You can specify the allowable number of substitutions (s), insertions (i), deletions (d), and total errors (e).
The fuzzy_counts property of a match result returns a tuple (0,0,0), where:
match.fuzzy_counts[0] = count for 's'
match.fuzzy_counts[1] = count for 'i'
match.fuzzy_counts[2] = count for 'd'
Problem
The deletions and insertions are counted as expected, but not the substitutions.
In the example below, the only change is a single character deleted in the query, yet the substitutions count is 6 (7 if the BESTMATCH option is removed).
How are the substitutions counted?
I would be grateful of someone can anyone explain how this works to me.
>>> import regex
>>> reference = "(TATGGGA[CT][GC]AAAG[CT]CT[AC]AA[GA]CCATGTG){s<7,i<3,d<3,e<8}"
>>> query = "TATGGACCAAAGTCTCAAGCCATGTG"
>>> match = regex.search(reference, query, regex.BESTMATCH)
>>> print(match.fuzzy_counts)
(6,0,1)
回答1:
This was caused by what looks to be a bug in the regex module's cost calculations.

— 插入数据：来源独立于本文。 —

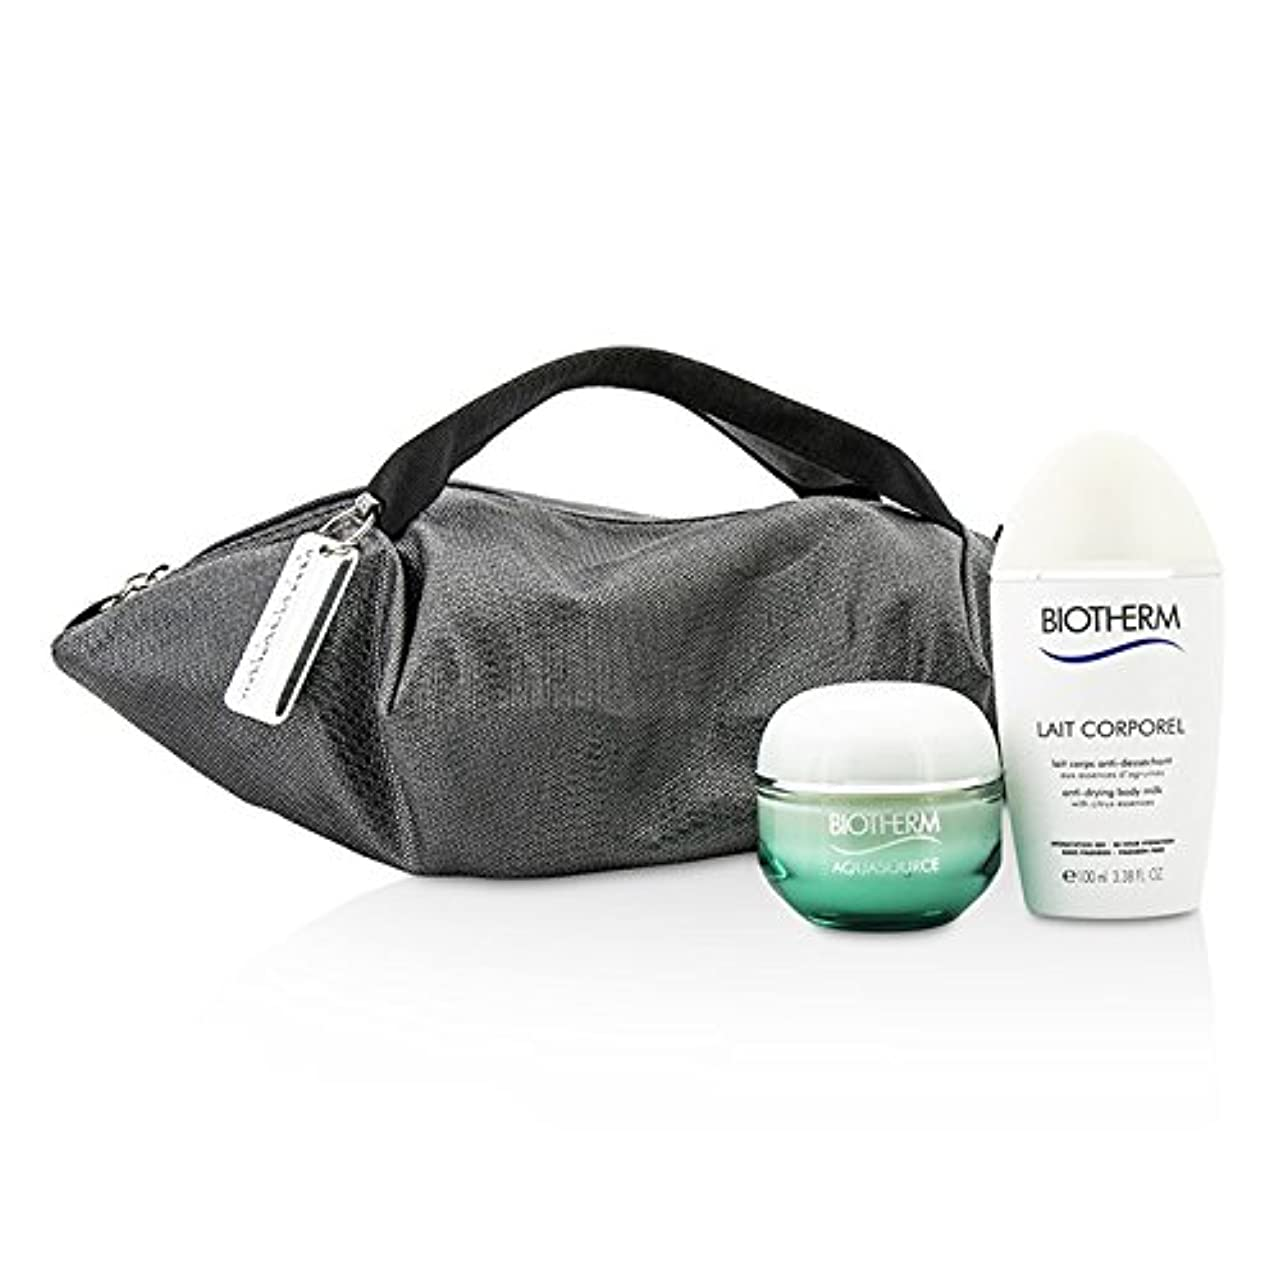 失う熟達世代ビオテルム Aquasource & Body Care X Mandarina Duck Coffret: Cream N/C 50ml + Anti-Drying Body Care 100ml + Handle Bag...

It was still present up until regex version 2015.10.05, but was fixed in the next version, 2015.10.22, as shown below:
$ sudo pip3 install regex==2015.10.05
Processing /root/.cache/pip/wheels/24/cb/ae/9653e30c8f801544a645e17d26fa6803aeaf76ad0482663c27/regex-2015.10.5-cp38-cp38-linux_x86_64.whl
Installing collected packages: regex
Successfully installed regex-2015.10.5
$ python3 -c 'import regex; reference = "(TATGGGA[CT][GC]AAAG[CT]CT[AC]AA[GA]CCATGTG){s<7,i<3,d<3,e<8}"; query = "TATGGACCAAAGTCTCAAGCCATGTG"; match = regex.search(reference, query, regex.BESTMATCH);print(match.fuzzy_counts)'
(5, 0, 1)
$ sudo pip3 install regex==2015.10.22
Processing /root/.cache/pip/wheels/60/f6/9a/23e723633e62a79064cb301c54a3b50482b8c690f86c9983ee/regex-2015.10.22-cp38-cp38-linux_x86_64.whl
Installing collected packages: regex
Found existing installation: regex 2015.10.5
Uninstalling regex-2015.10.5:
Successfully uninstalled regex-2015.10.5
Successfully installed regex-2015.10.22
$ python3 -c 'import regex; reference = "(TATGGGA[CT][GC]AAAG[CT]CT[AC]AA[GA]CCATGTG){s<7,i<3,d<3,e<8}"; query = "TATGGACCAAAGTCTCAAGCCATGTG"; match = regex.search(reference, query, regex.BESTMATCH);print(match.fuzzy_counts)'
(0, 0, 1)
Given these dates, I infer that the commit that fixed the bug was https://bitbucket.org/mrabarnett/mrab-regex/commits/296c1daf86619039c6fe55868e7d861097d01aae, with description
Hg issue 161: Unexpected fuzzy match results
Fixed the bug and did some related tidying up.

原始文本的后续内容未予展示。